President Obama on jobs in our exclusive interview #ObamaToday:
Why, at a time when corporate America is enjoying record profits, have you been unable to convince businesses to hire more people, Mr. President?
"..I don't think it's a matter of me being unable to convince them to hire more people...They're making decisions based on what they think will be good for their companies...
There are some structural issues with our economy, where a lot of businesses have learned to become much more efficient with a lot fewer workers. You see it when you go to a bank, and you use-- a ATM, you don't go to a bank teller. Or you go to a retail store, and there are very few people-- who are working. Or you go to the airport, and you're using a kiosk, instead of-- checking in at the gate. So all these things have created changes in the economy.
And what we have to do now, and that's what the jobs council is about, is identifying where the jobs for the future are gonna be. How do we make sure that there's a match between what people are getting trained for, and the jobs that exist?
ANN CURRY: That said, you know that with 14 million Americans unemployed, and another eight-and-a-half-- are unable to get full time work, that there is a lot of human suffering--
PRESIDENT OBAMA: Absolutely.
..attached to this. We're talking about bankruptcies, homelessness, hunger. People also suffering a tremendous amount of psychic pain. The stress of this, the shame of this. And--people have started to wonder, because you speak so calmly about this, whether you really, truly empathize with these people, who've lost their jobs..
...who are suffering. And people are asking, you know, why are you not angrier?
You know, first of all, I don't think people are asking that. Maybe some in the press might be asking that. I think ordinary folks understand I spend all my time thinking about this stuff, because I'm talking to these folks every single day. I wake up every morning thinking about how can I help that man in North Carolina, or that woman in Indiana, or that family in Pennsylvania, get back on their feet. Because they write me letters, and they say, Mr. President, we're about to lose our house. Can you help us?" "Mr. President, I've worked here for 30 years. And right before retirement I got laid off. What do I do now?" And I have to write back to 'em. And when I see 'em at meetings and they start crying.. the notion, somehow, that-- I'm calm about that-- is nonsense. But what is true is that as President, my job is to make sure that I am finding every good idea that we can to move the country forward...our investments in clean energy, making sure.. community colleges-- are more effectively training our workers for jobs. Making sure that the economy as a whole is not burdened by-- regulations that are outdated, or don't make sense. Making sure that we continue-- the kinds of tax cuts for small businesses that have made a difference. And that we're also providing financing for those small businesses.
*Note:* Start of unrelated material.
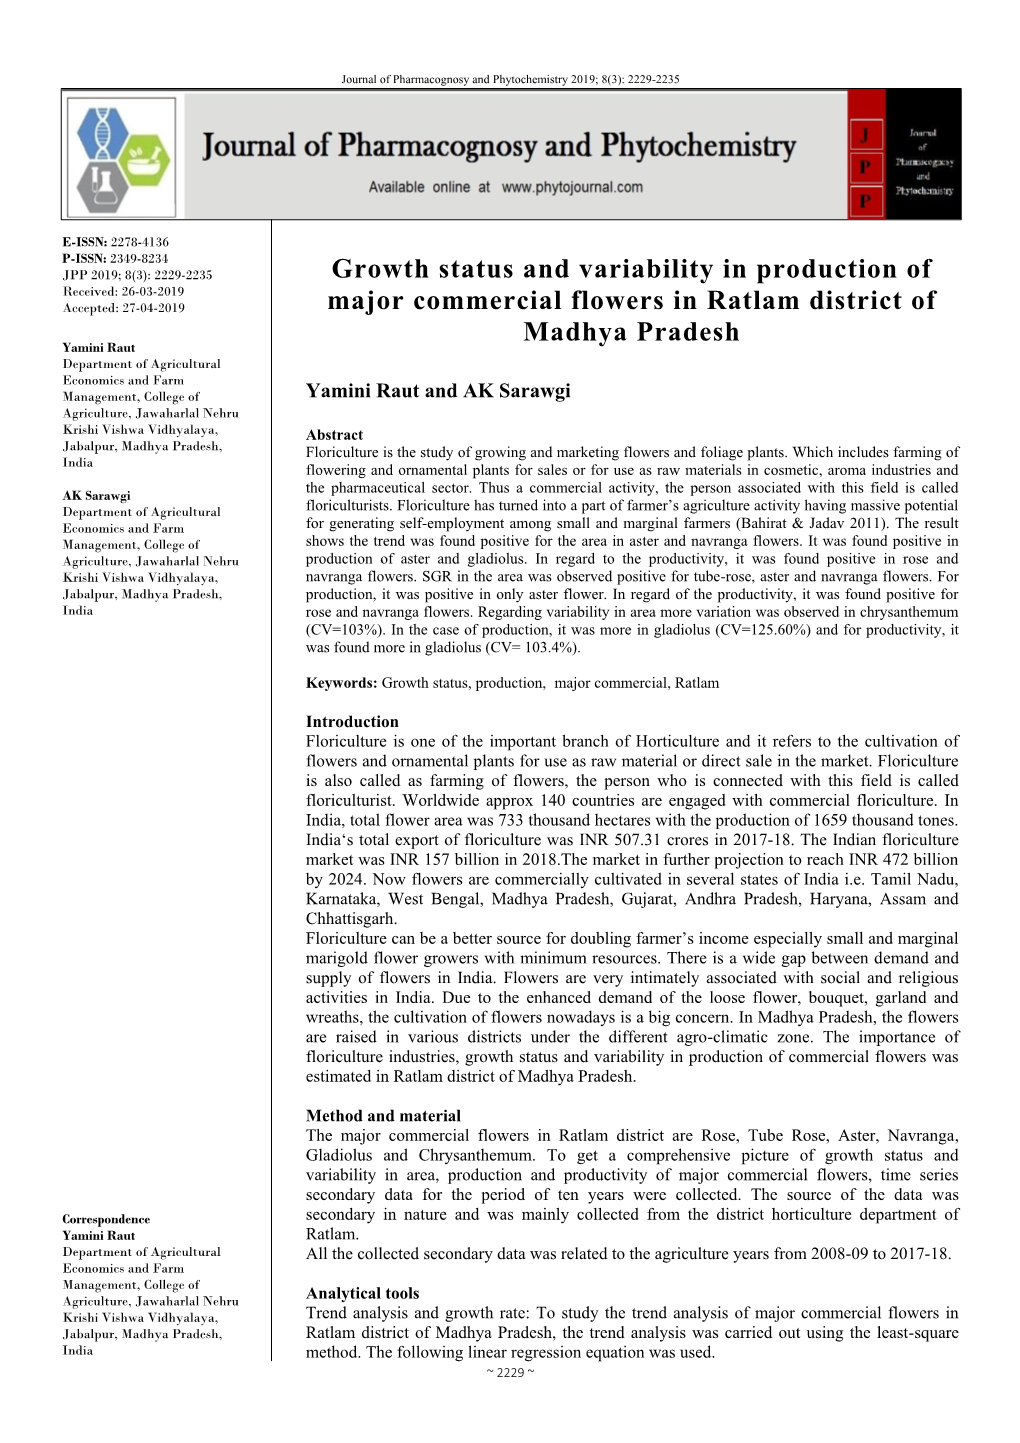 Growth Status and Variability in Production of Major Commercial

If what we do works, and people see progress, and feel a sense that it's making a difference-- then-- they are going to respond-- and-- and they're gonna feel more confident. But until they actually see some difference in their lives-- you know, they're gonna continue to be frustrated, and so am I
Well, part of the worry is it used to be that when there was corporate growth, jobs would follow. That has not happened this time. And so there's a lot of concern that maybe what's happening is something that's kind of intrinsic, something that's going to be part of the future. And so it sort of begs the question, in hindsight, did you miss an opportunity by focusing on health care, and not focusing enough on job creation?
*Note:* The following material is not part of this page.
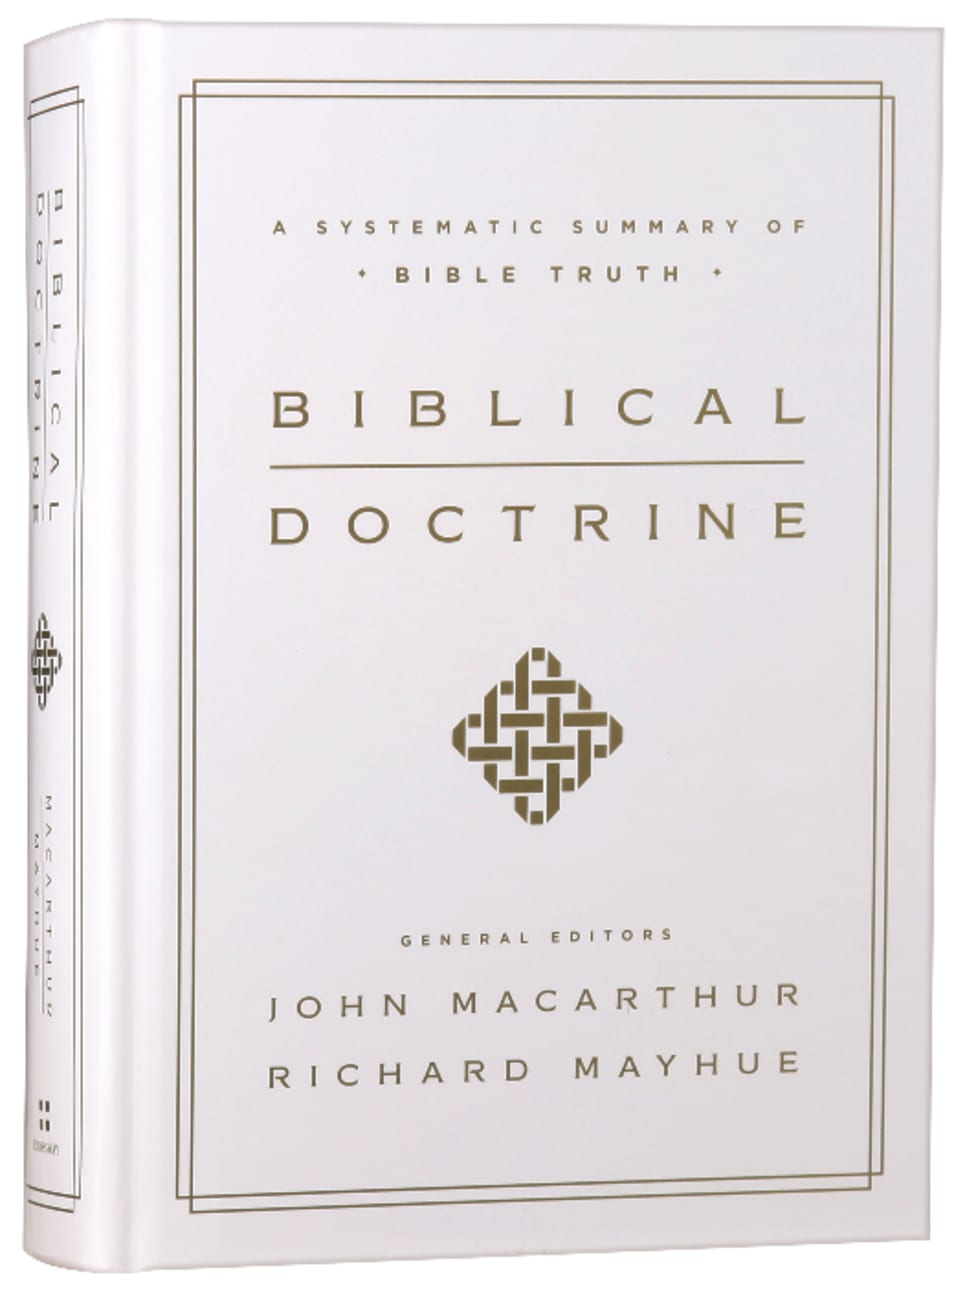 Biblical Doctrine: A Systematic Summary of Bible Truth Hardback

You know-- I have to tell you, Ann, everything I thought about, over the first two years was how do we get the economy back on track. That's what we focused on then, that's what we focus on now. But health care is part of our challenge. Because if companies are spending billions of dollars on rising health care costs, that's money that they're not putting into hiring the workers, or new plants, or equipment... And if you talk to any of these businesses, large or small, and they will tell ya, as a consequence of their health care costs going up 25 percent..50 percent, or in some cases 100 percent, that has a dampening impact on their ability to invest, and create jobs... We're gonna have to rebuild our infrastructure because a lot of the unemployment that's been taking place is in the construction areas. And if we've got a bunch of guys out there who know how to do things, know how to build things, and could be put to work right now revamping our roads, our bridges, our transportation sector, generally, all that would drive down unemployment in a pretty steady way.
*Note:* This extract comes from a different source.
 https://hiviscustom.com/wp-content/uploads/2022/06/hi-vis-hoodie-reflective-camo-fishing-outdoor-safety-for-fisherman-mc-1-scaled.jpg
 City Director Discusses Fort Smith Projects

On this point, it was conceivable last year for you to start a kind of jobs program, a kind of WPA project, that could have addresses this issue. Some of the infrastructure problems, that this country has. That those people you're talking about could have gone back to work. Today, you couldn't get that passed..
No, but Ann.. that's what the Recovery Act was. Out of $800 billion that we passed in early 2009, about a third of it was tax cuts..Second thing was to provide assistance to states...and the third thing was an infrastructure program that was the largest since the interstate highway program of the 1950s. I mean, so we've had projects all across America, rebuilding roads-- water system, ports. All that stuff put people to work. Now, there is an argument that's been made that we should have done even more of that. But, frankly, one of the challenges we've got is there's also a big deficit debt that I inherited, that we've had to deal with. So part of the challenge here is how do we encourage growth? How do we put people back to work? And, at the same time, how do we make sure that government is living within its means, because part of the uncertainty that's out there is people not sure whether Washington can get its act together.